For each failing test, examine:
- **assertions (failed)**: What criteria were not met? (filter for `passed: false`)
- **trace.tool_calls**: Did the agent use expected tools?
- **duration_ms**: Did it time out or run too long?
- **reasoning**: Why did the grader score it low?

### 4. Inspect specific tests

```bash
# Flat view with trace summary
agentv inspect show <result-file> --test-id <id>

# Tree view (if output messages available)
agentv inspect show <result-file> --test-id <id> --tree
```

The tree view shows the agent's execution path — LLM calls interspersed with tool invocations.
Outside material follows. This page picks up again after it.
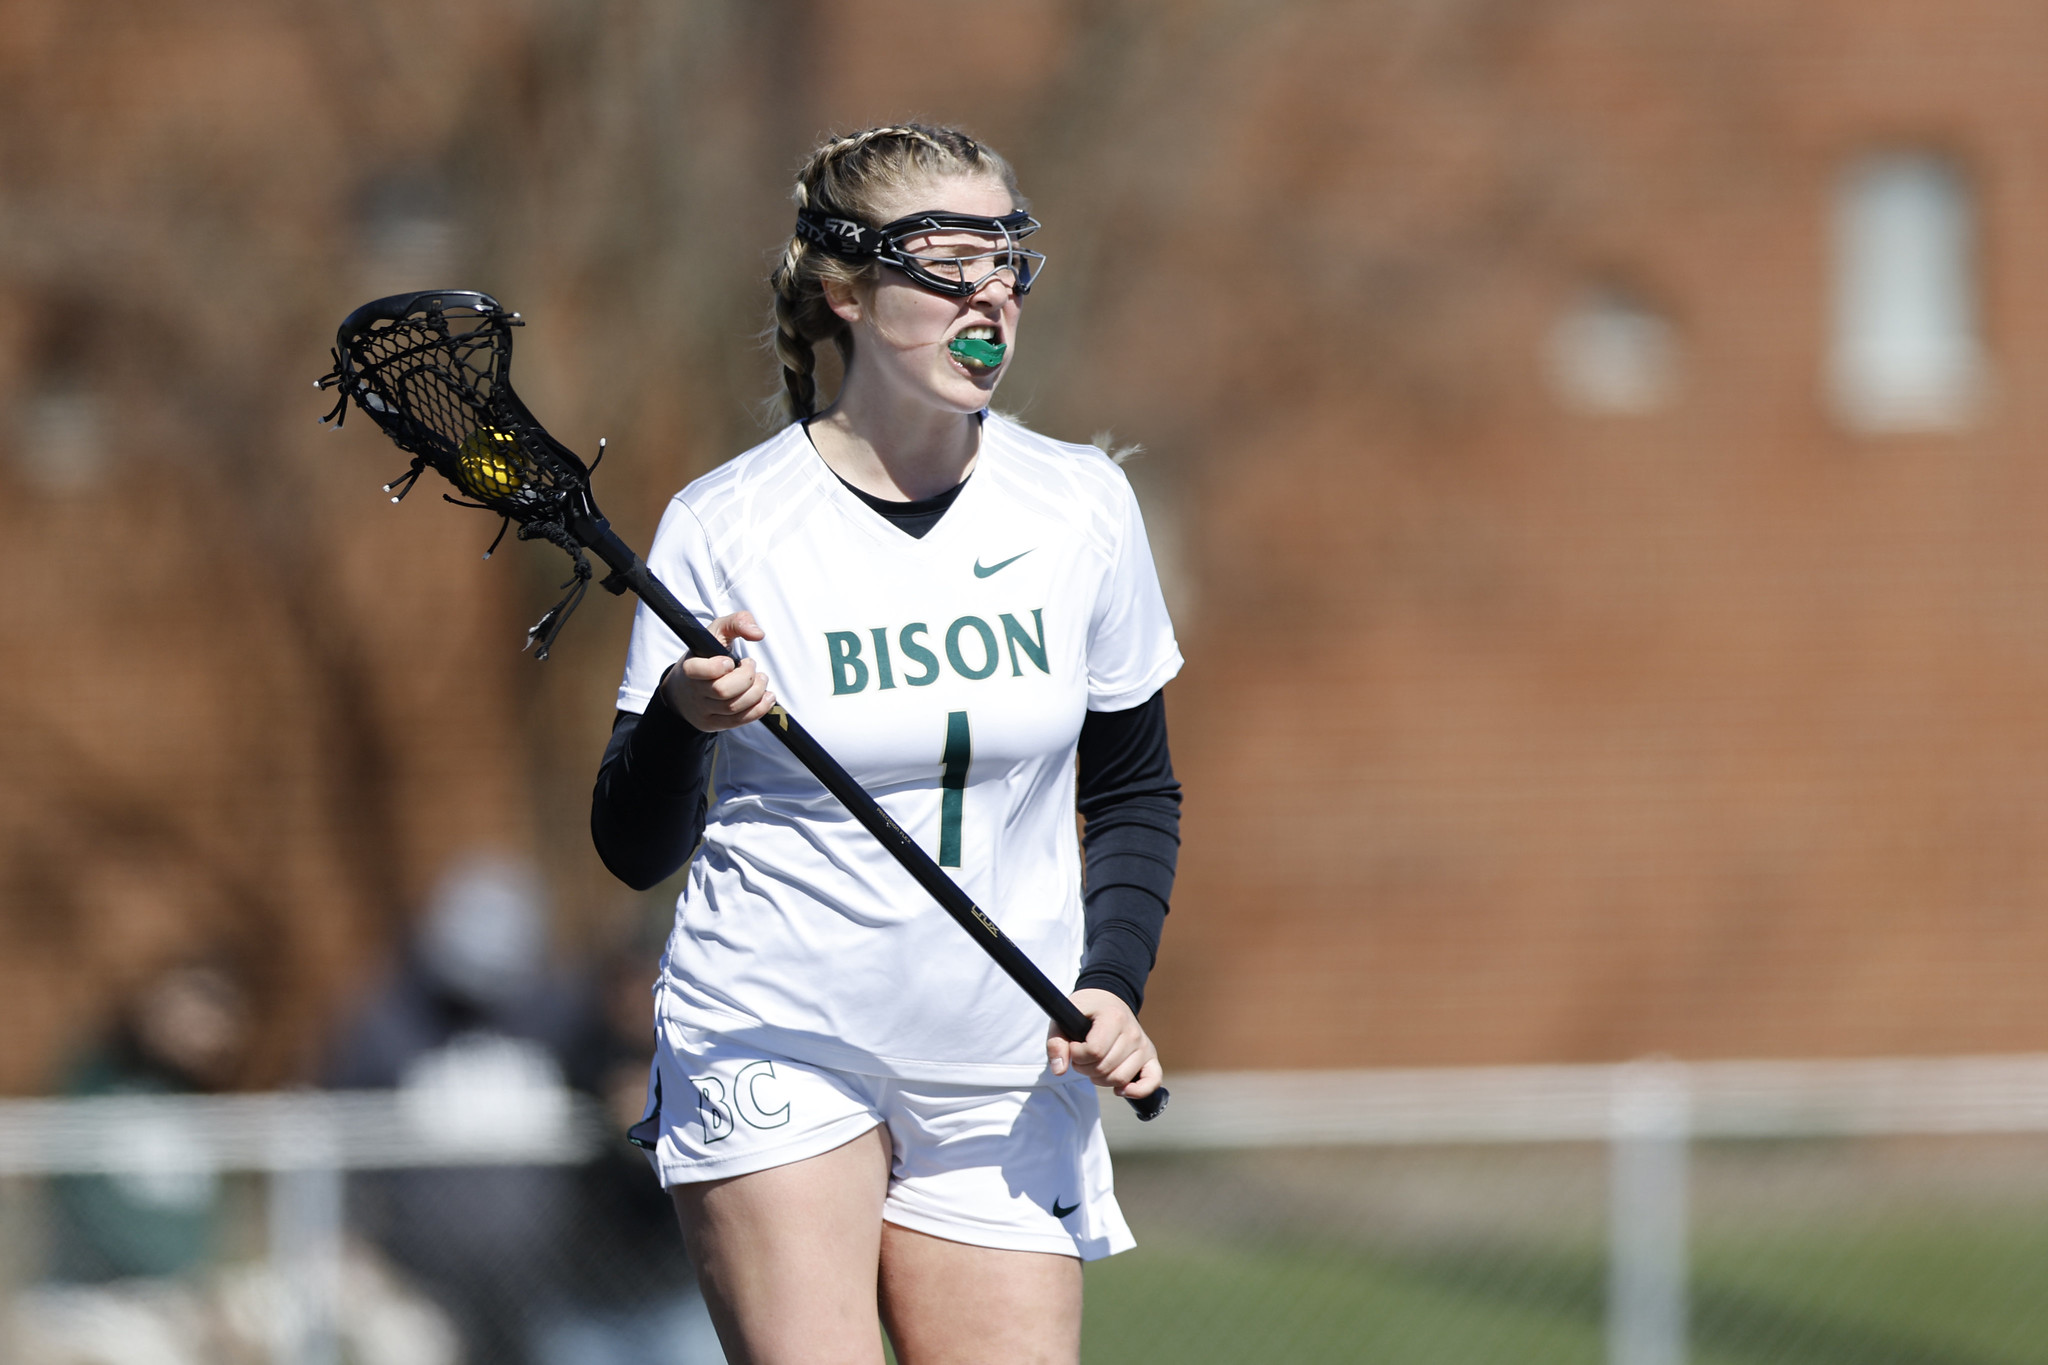 Women's Lacrosse: Carpenter Breaks Single Game Scoring Record to Help Edge Out Win over Bearcats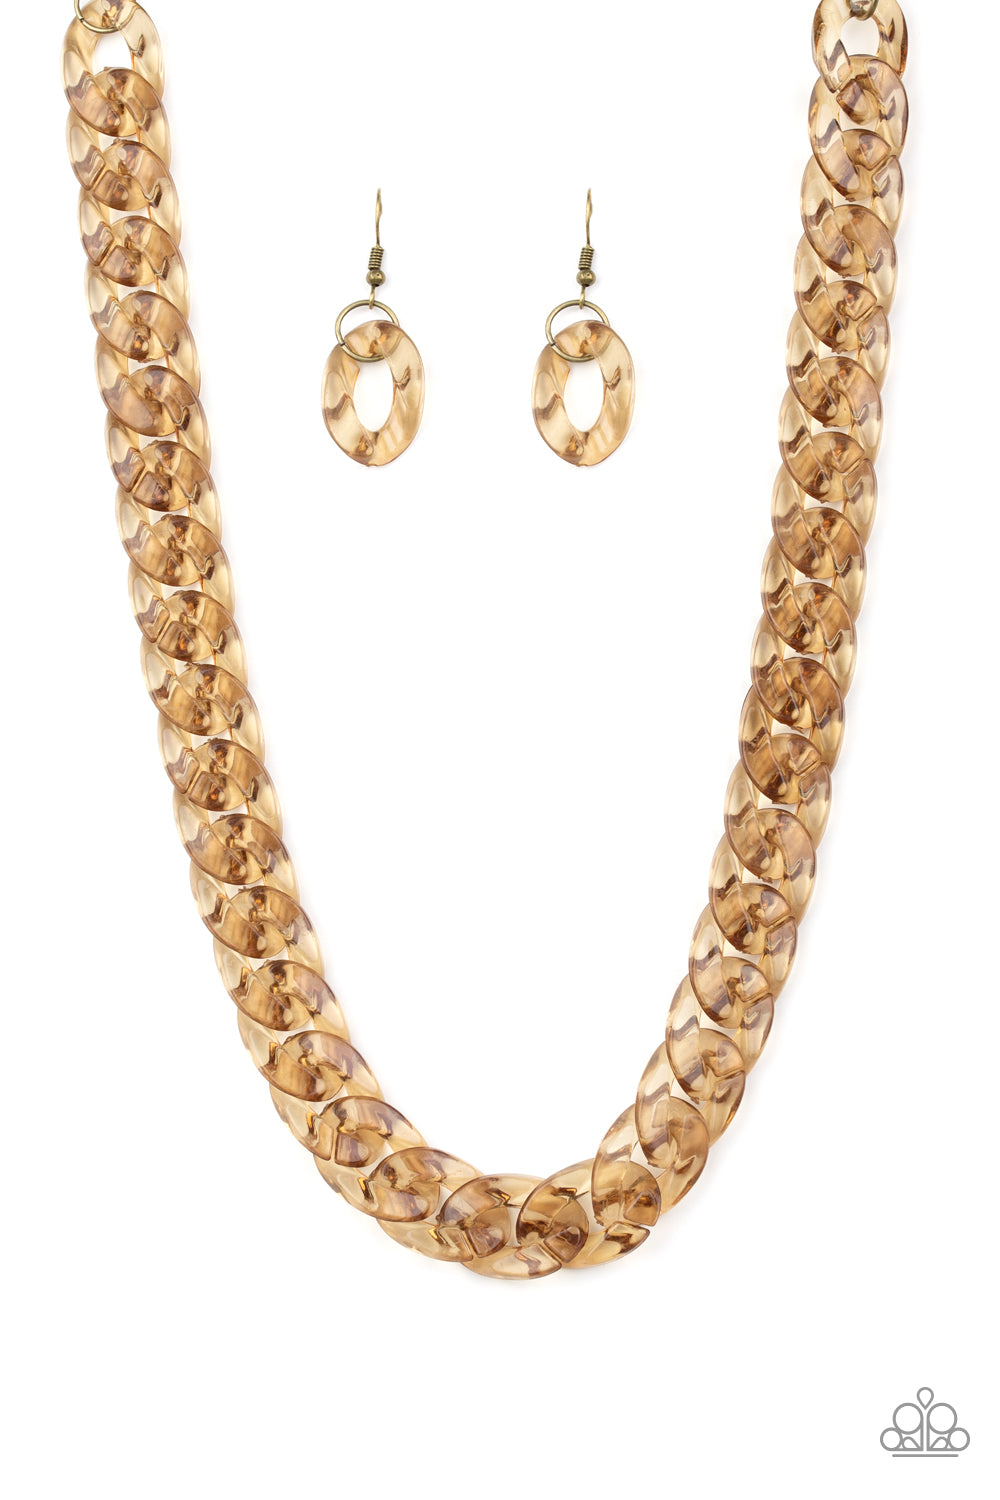 Paparazzi Accessories Put It On Ice - Brass Necklaces - Lady T Accessories

Look for:
- **Excessive tool calls**: Agent looping or exploring unnecessarily
- **Missing tools**: Expected tool not called
- **Long durations**: Specific tool calls that are slow

### 5. Compare runs

```bash
agentv compare <baseline.jsonl> <candidate.jsonl>
```

Look for:
- **Wins vs losses**: Net improvement or regression?
- **Mean delta**: Overall direction of change
- **Per-test deltas**: Which tests regressed?

### 6. Group analysis

```bash
# By target provider
agentv inspect stats <result-file> --group-by target

# By suite
agentv inspect stats <result-file> --group-by suite
```

Compare providers side-by-side: which is cheaper, faster, more accurate?

## Advanced Queries with jq

All commands support `--format json` for piping to `jq`:

```bash
# Top 3 most expensive tests
agentv inspect show <result-file> --format json \
  | jq 'sort_by(-.cost_usd) | .[0:3] | .[] | {test_id, cost: .cost_usd, score}'

# Tests where token usage exceeds 10k
agentv inspect show <result-file> --format json \
  | jq '[.[] | select(.token_usage.input + .token_usage.output > 10000) | {test_id, tokens: (.token_usage.input + .token_usage.output)}]'

# Score distribution by suite
agentv inspect show <result-file> --format json \
  | jq 'group_by(.suite) | .[] | {suite: .[0].suite, count: length, avg_score: ([.[].score] | add / length)}'

# Tool usage frequency across all tests
agentv inspect show <result-file> --format json \
  | jq '[.[].trace.tool_calls // {} | to_entries[]] | group_by(.key) | .[] | {tool: .[0].key, total_calls: ([.[].value] | add)}'

# Find regressions > 0.1 between two runs
agentv compare baseline.jsonl candidate.jsonl --format json \
  | jq '.matched[] | select(.delta < -0.1) | {test_id: .testId, delta, from: .score1, to: .score2}'
```

## Reasoning Patterns

When analyzing traces, think about:

1. **Efficiency**: Are tool calls/tokens proportional to task complexity? High tokens-per-tool may indicate verbose prompts or unnecessary context.

2. **Error patterns**: Do failures cluster by target, suite, or tool usage? Common patterns:
   - Tool errors → agent can't access required resources
   - High LLM calls with low tool calls → agent stuck in reasoning loop
   - Missing tool calls → wrong tool routing

3. **Cost optimization**: Identify tests with high cost but acceptable scores — can they use a cheaper model? Compare `--group-by target` stats.

4. **Latency distribution**: P50 vs P99 spread indicates consistency. Large spread means unpredictable performance — investigate P99 outliers.

5. **Regression detection**: After a prompt/config change, compare before/after. Mean delta > 0 is good, but check individual test regressions — a few large losses can hide behind many small wins.